Washington has yet to play second-round pick Quan Martin on defense. The safety selected with slot corner work in mind is another upside option at DB5. Rivera recently cited a playing-time roadblock because of other safeties on the roster. Some goodies exist, but that seems more like a cover for a slow adjustment period.

How about swapping out Barton and perhaps running mate Jamin Davis for other linebackers?

Here come the depth concerns.

Barton signed a one-year free-agent contract and has the speed to track down ball carriers. The every-down linebacker has labored when attacking run lanes — he’s tied for 42nd in average depth per tackle among linebackers, according to Pro Football Focus — and, at times, in coverage (11th-worst in QB rating against). The backup Mike linebacker, David Mayo, is limited to run-down work. Mayo and Khaleke Hudson have a combined one defensive snap.

While sincere, Hudson’s signs of growth this offseason are not enough to push out the athletically explosive Davis. Maybe Davis, Washington’s 2021 first-round pick, eventually replaces Barton and gets a second shot at being the primary signal-caller. Keeping the athletic force in the current attacking role seems like a better use of his talents.



If Josh Harris brings ‘The Process’ to the Commanders, what would it look like?

Get to the offense already …

Bieniemy’s orchestration remains fascinating. He guided the comeback surge in Week 2 at Denver, showed a more complementary run-pass ratio at Philadelphia than in the first three outings and warrants credit for helping Howell’s development. At other times, the plan feels stuck or carried over from the established Chiefs rather than maximizing the in-house personnel.

Howell now has six NFL starts/appearances. He’s rarely looked rattled, but gaining experience takes time.
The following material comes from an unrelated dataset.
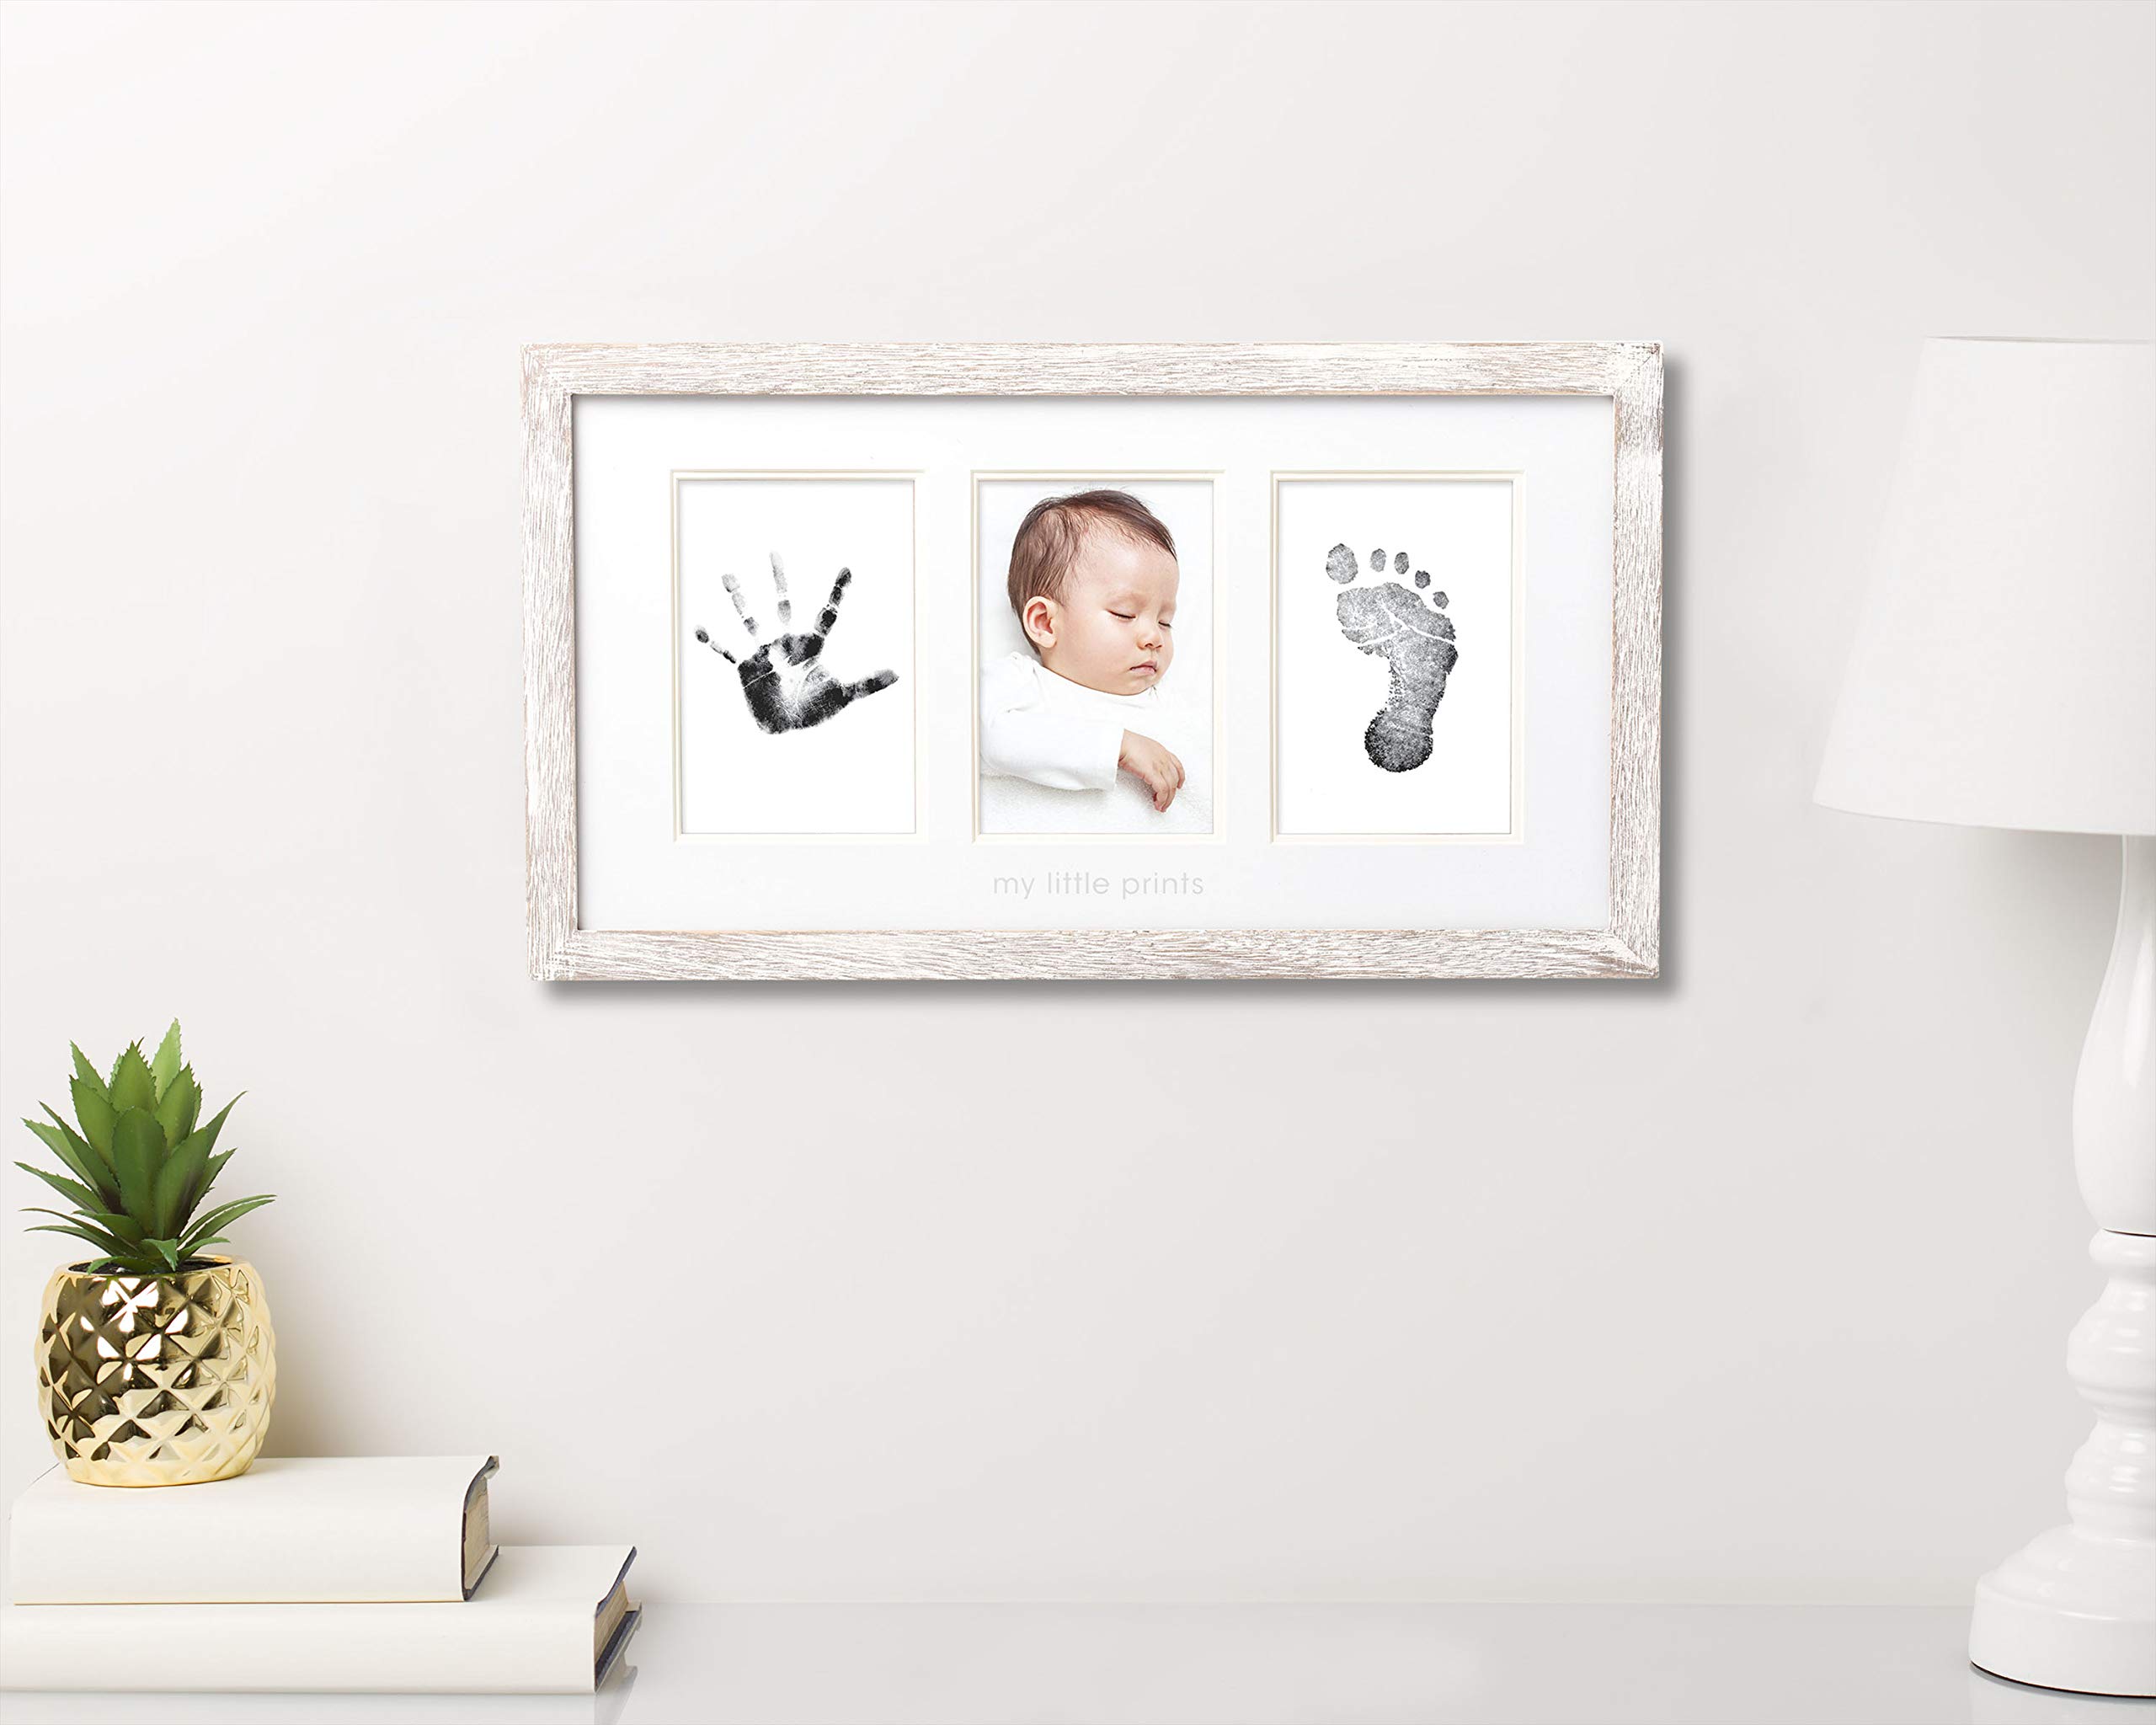 Pearhead My First Year Photo Moments Baby Picture Frame, Baby’s First Year Photo Frame, Newborn Handprint And Footprint Keepsake, Gender-Neutral Baby Milestone Nursery Décor, Distressed Wood

Yet Washington’s 115 first-half dropbacks led the league entering Sunday night. Trailing at halftime in four of five games isn’t solely or even primarily responsible for this usage.

Kansas City typically had complementary running backs. Brian Robinson is a true lead runner who ranks third among running backs in first downs per rush attempt at 31.3 percent, per TruMedia, and 11th in yards after contact per attempt (2.9) before Sunday.

All-world tight end/tabloid fave Travis Kelce pacing Kansas City’s receiving corps is logical. Not ideal is Logan Thomas averaging more targets per game (6.25) than receivers Terry McLaurin, Jahan Dotson and Curtis Samuel. According to PFF, the yards per route run for McLaurin (1.48 vs. 2.04 in 2022) and Dotson (0.71 vs. 1.39) have declined sharply while talk of spacing issues increased.

The Commanders and their retooled offensive line have allowed 23 of their 29 sacks with five blockers. That 12.8 percentage of sacks per attempt/sacks with five blockers ranks 31st. The 2022 Chiefs, with three Pro Bowl offensive linemen, had a 3.9 percent sack rate and gave up 22 sacks for the season with five blockers.

Washington allowing an incredible 29 sacks could, in theory, lead to changes. Howell’s penchant for holding the ball in the pocket longer than desired contributes heavily to the sack total. With what he’s shown overall in five games this season, there’s no QB change on the radar. The issue with the line is there are no apparent changes to make.

Swing offensive tackle Cornelius Lucas showed he can handle starter duties based on his 27 starts since 2020. Handle doesn’t mean thrive. Perhaps Lucas replacing Wylie at right tackle leads to more stability, but a significant boost is unlikely. Moving starting guards Sam Cosmi or Saahdiq Charles back outside would be moving away from the likely better path for both.